** Problem description **
Return each line of the data below exactly, omitting any pictures.

** Input data **
_ _ _ _ _

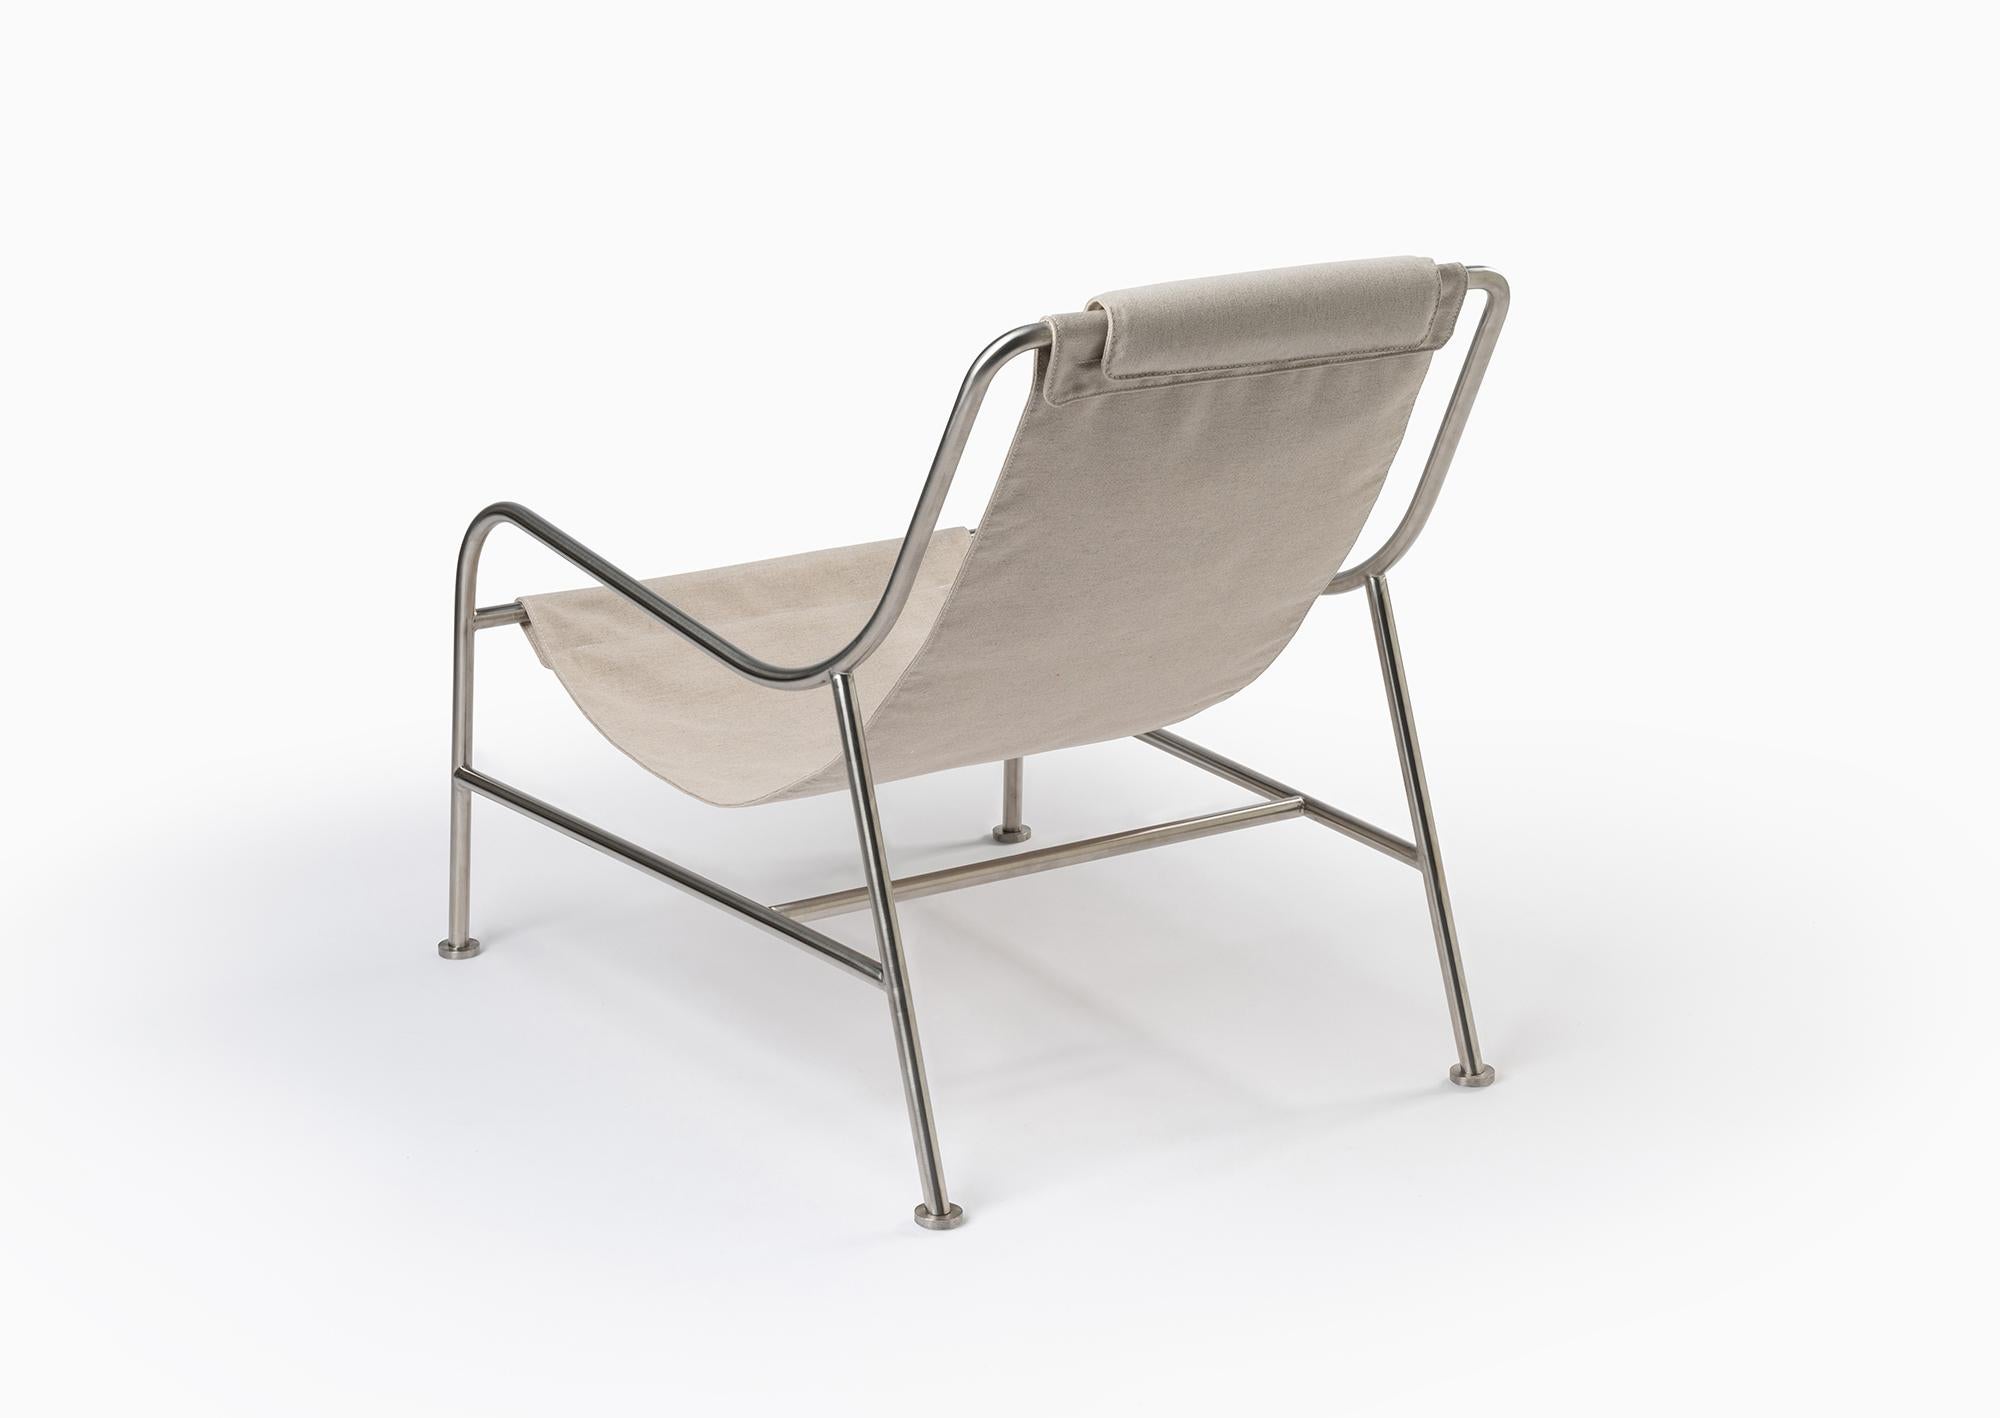 Die Outdoor-Version des LISBOA-Sessels lädt dazu ein, sich in der Sonne zu entspannen und die langen Tage und warmen Sommernächte zu genießen. 

Der für das Leben im Freien konzipierte Stuhl ist dank der offenen Struktur aus Edelstahlrohren sehr
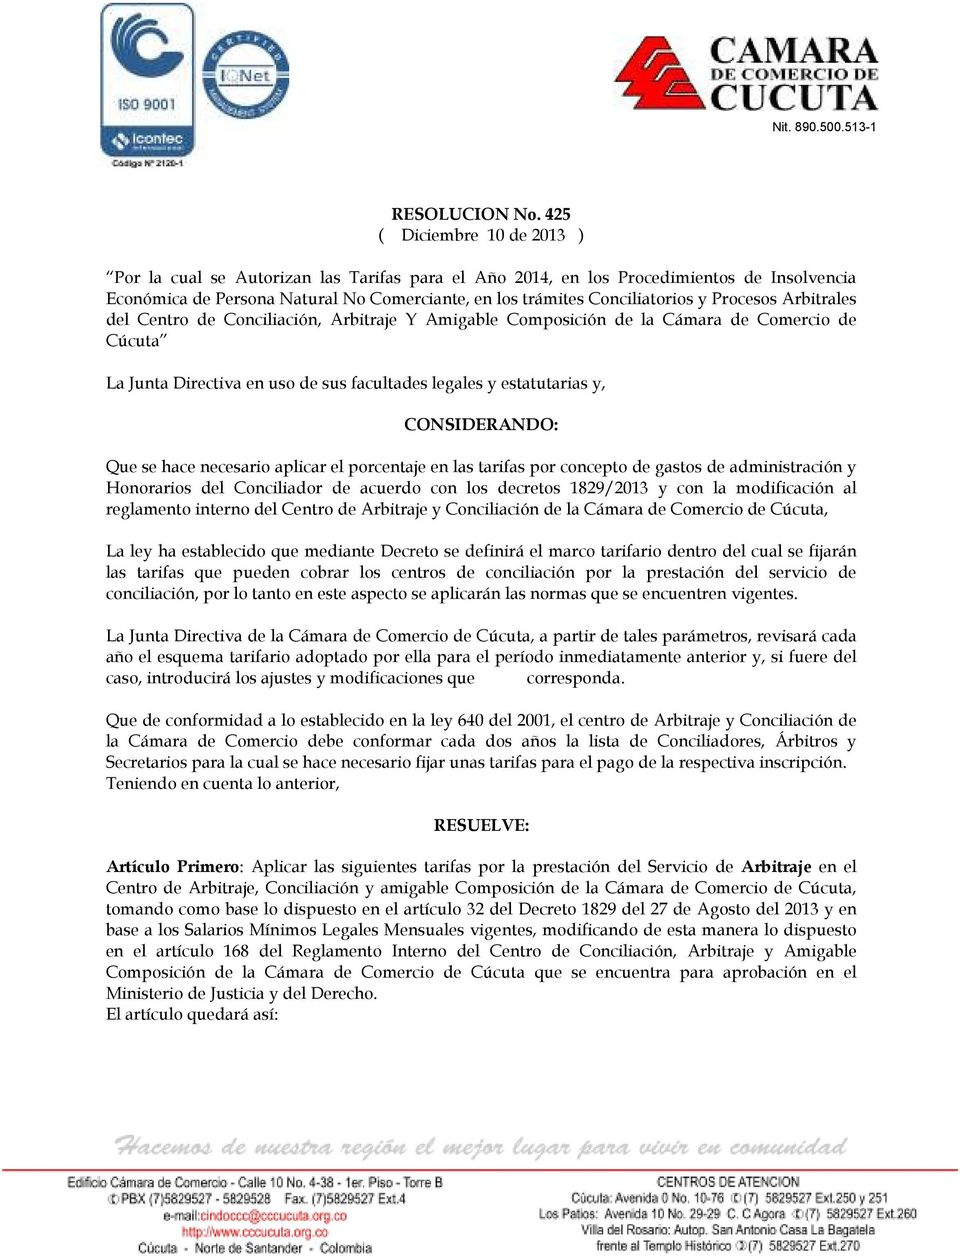 Procesos Arbitrales del Centro de Conciliación, Arbitraje Y Amigable Composición de la Cámara de Comercio de Cúcuta La Junta Directiva en uso de sus facultades legales y estatutarias y, CONSIDERANDO:

_ _ _ _ _

** Answer below **
 Die Outdoor-Version des LISBOA-Sessels lädt dazu ein, sich in der Sonne zu entspannen und die langen Tage und warmen Sommernächte zu genießen. 

Der für das Leben im Freien konzipierte Stuhl ist dank der offenen Struktur aus Edelstahlrohren sehr
 Procesos Arbitrales del Centro de Conciliación, Arbitraje Y Amigable Composición de la Cámara de Comercio de Cúcuta La Junta Directiva en uso de sus facultades legales y estatutarias y, CONSIDERANDO:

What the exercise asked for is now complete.